Nayan H. Desai (22 February 1946 – 12 October 2023) was a Gujarati language poet from Gujarat, India. His significant work includes Manas Urfe Reti Urfe Dariyo (1979), Mukam Post Manas (1983), and Dhoop Ka Saya (ghazals in Urdu). He received the Kalapi Award in 2013 and the Kavishwar Dalpatram Award in 2016.

== Biography ==
Desai was born on 22 February 1946 in Kathodara, a town now in the Surat district, to Harshadray and Indumatiben. His family belonged to Valod. After completing his SSC in 1965, he worked in a diamond factory for 14 years. In 1980, he joined Gujarat Mitra, a Gujarati daily, as a sub-editor. He was retired.

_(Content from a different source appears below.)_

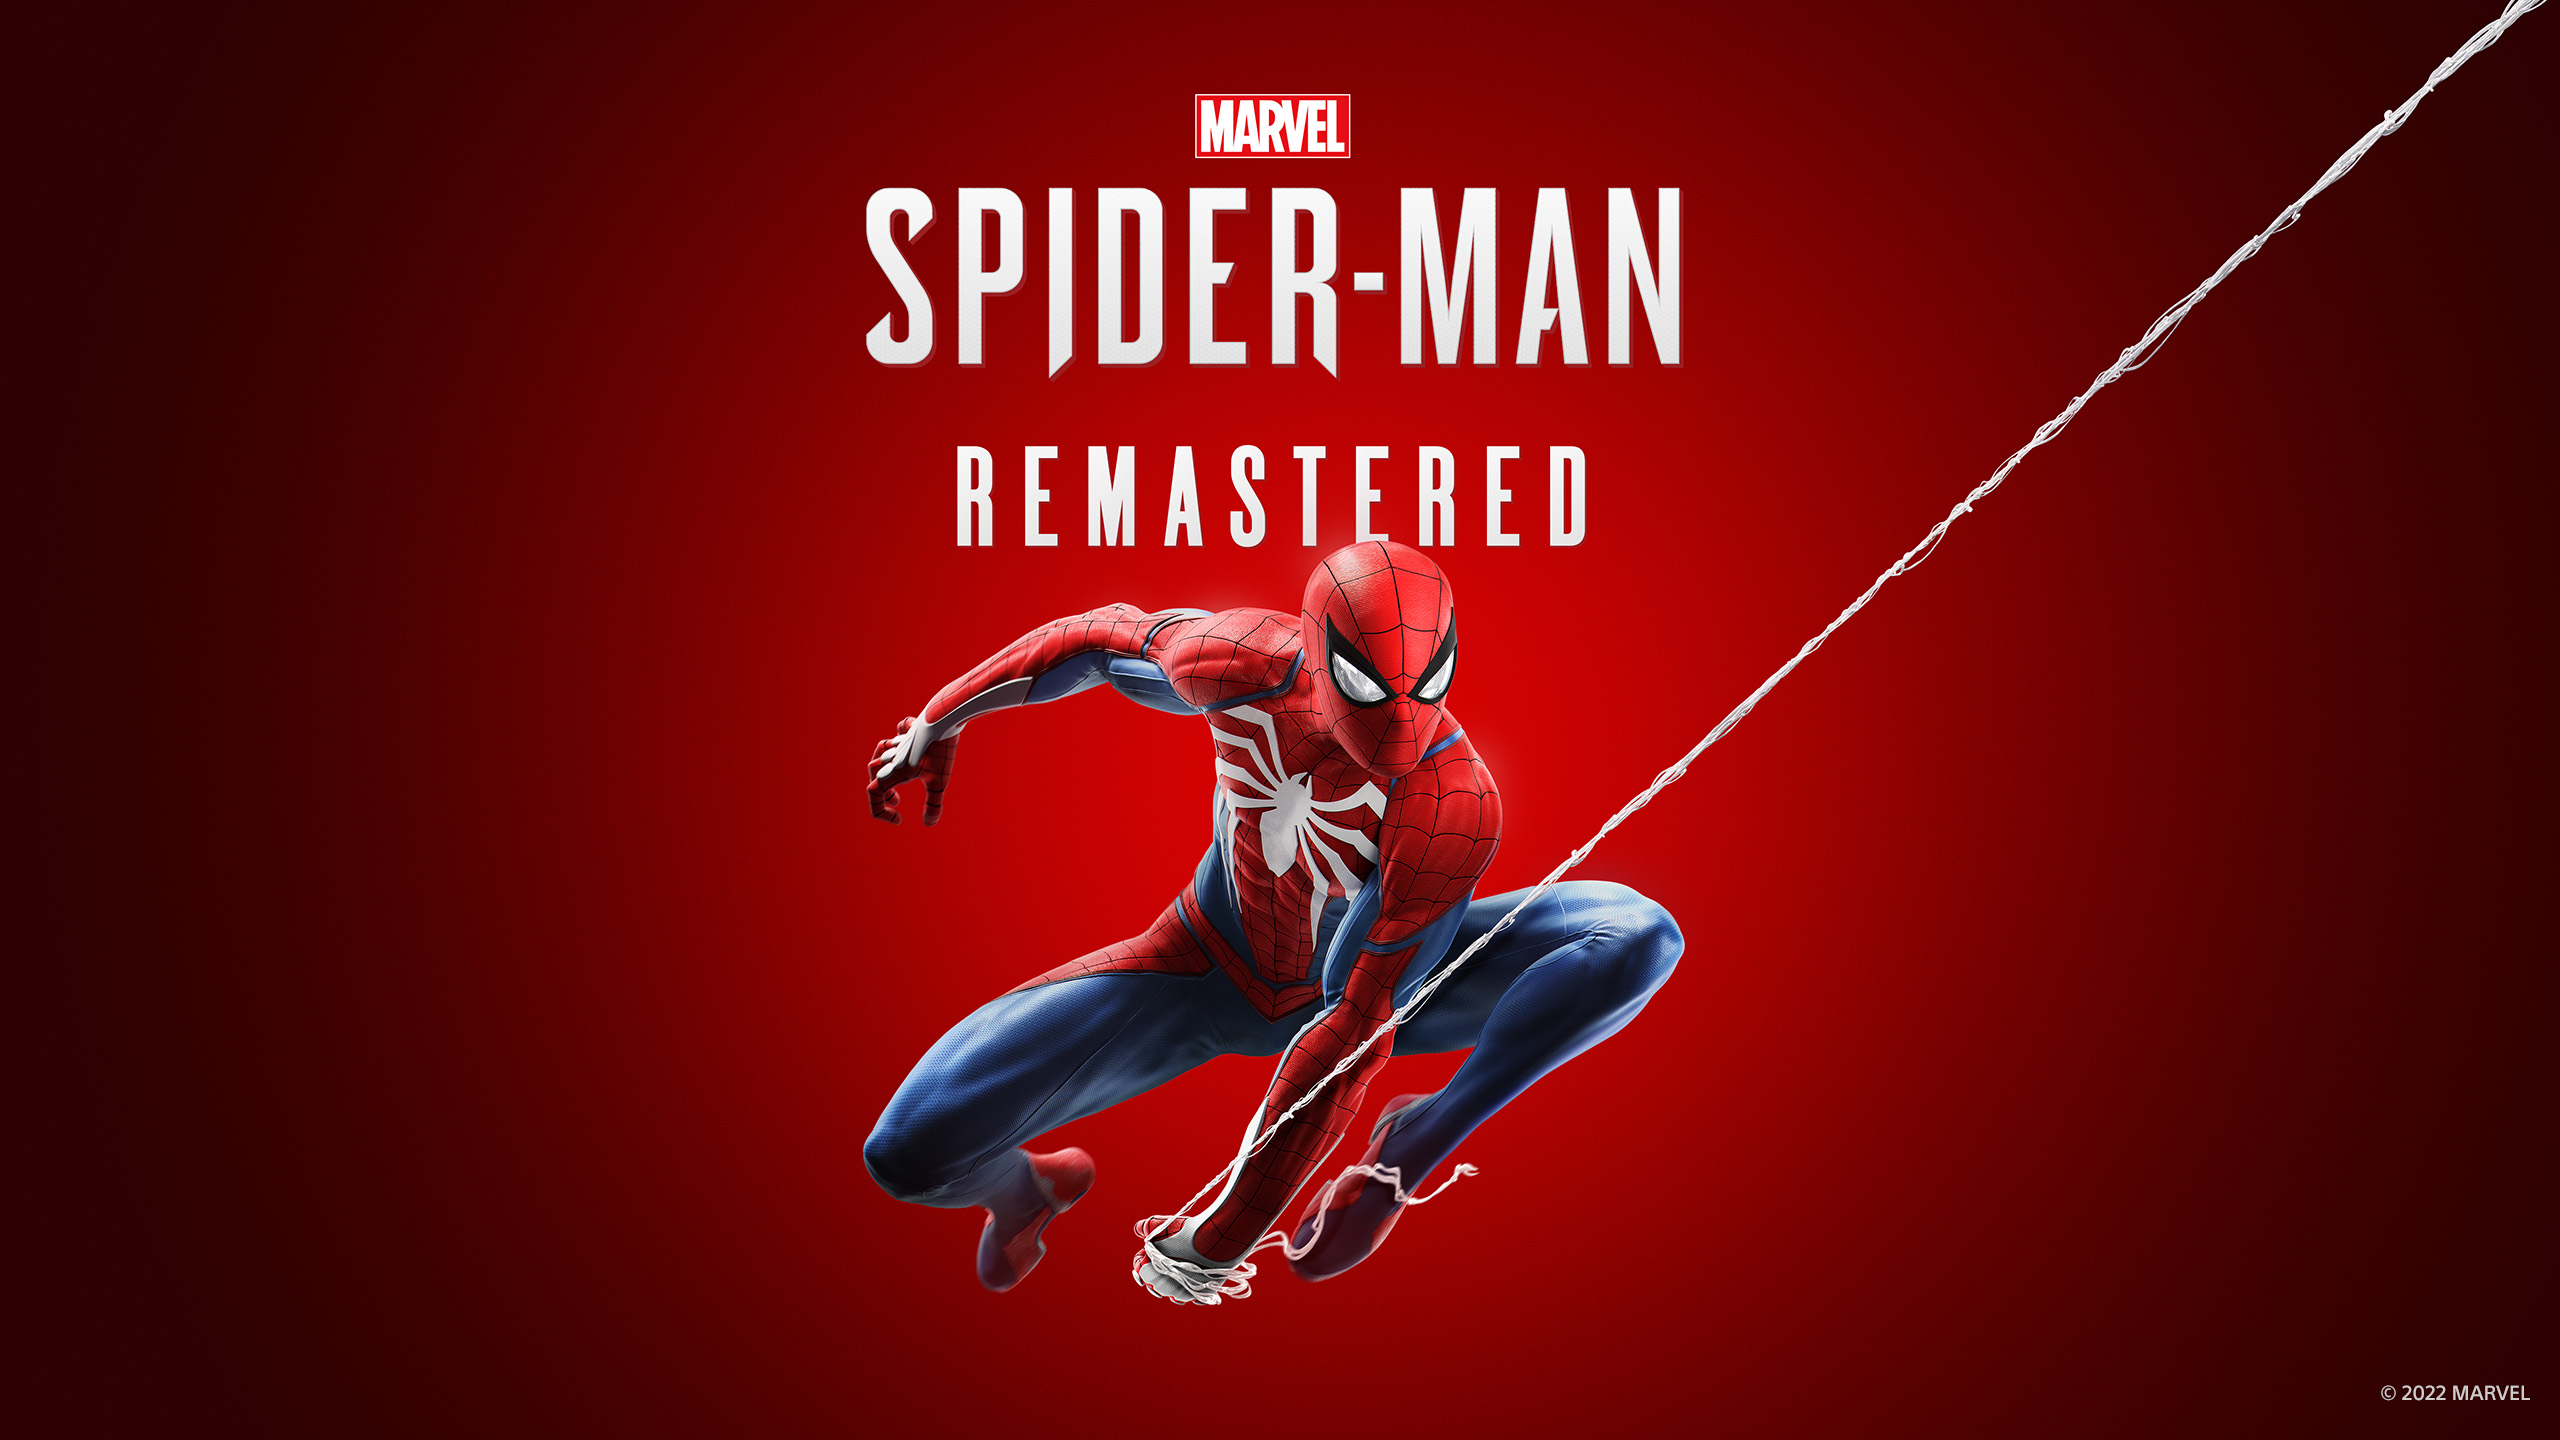 Marvel’s Spider-Man Remastered PC Game Latest Version Free Download

He married Shashi in 1990. He died on 12 October 2023 in Surat.

== Works ==
His first poetry collection Manas Urfe Reti Urfe Dariyo (1979) has 58 poems which are mostly ghazals and some are songs. His second collection Mukam Post Manas (1982) has 56 poems. These two collections are experimental and include variety. These poems depict loneliness and separation of modern humans. A person affected and tormented by pain is a central theme of his poetry. He later published Angali Vadhine Mokalu (1984), Anushthan and Samandar Baj Manas. All these collections were collected and published as Nayan na Moti (2005). Dhoop Ka Saya has ghazals in Urdu.

== Recognition ==
His Mukam Post Manas (1982) was awarded by the Gujarati Sahitya Parishad and his Dhoop Ka Saya was awarded by the Urdu Sahitya Akademi. The Indian National Theatre awarded him the Kalapi Award in 2013 for his significant contribution to Gujarati ghazal poetry. He received the Kavishwar Dalpatram Award in 2016 for his contribution to Gujarati poetry.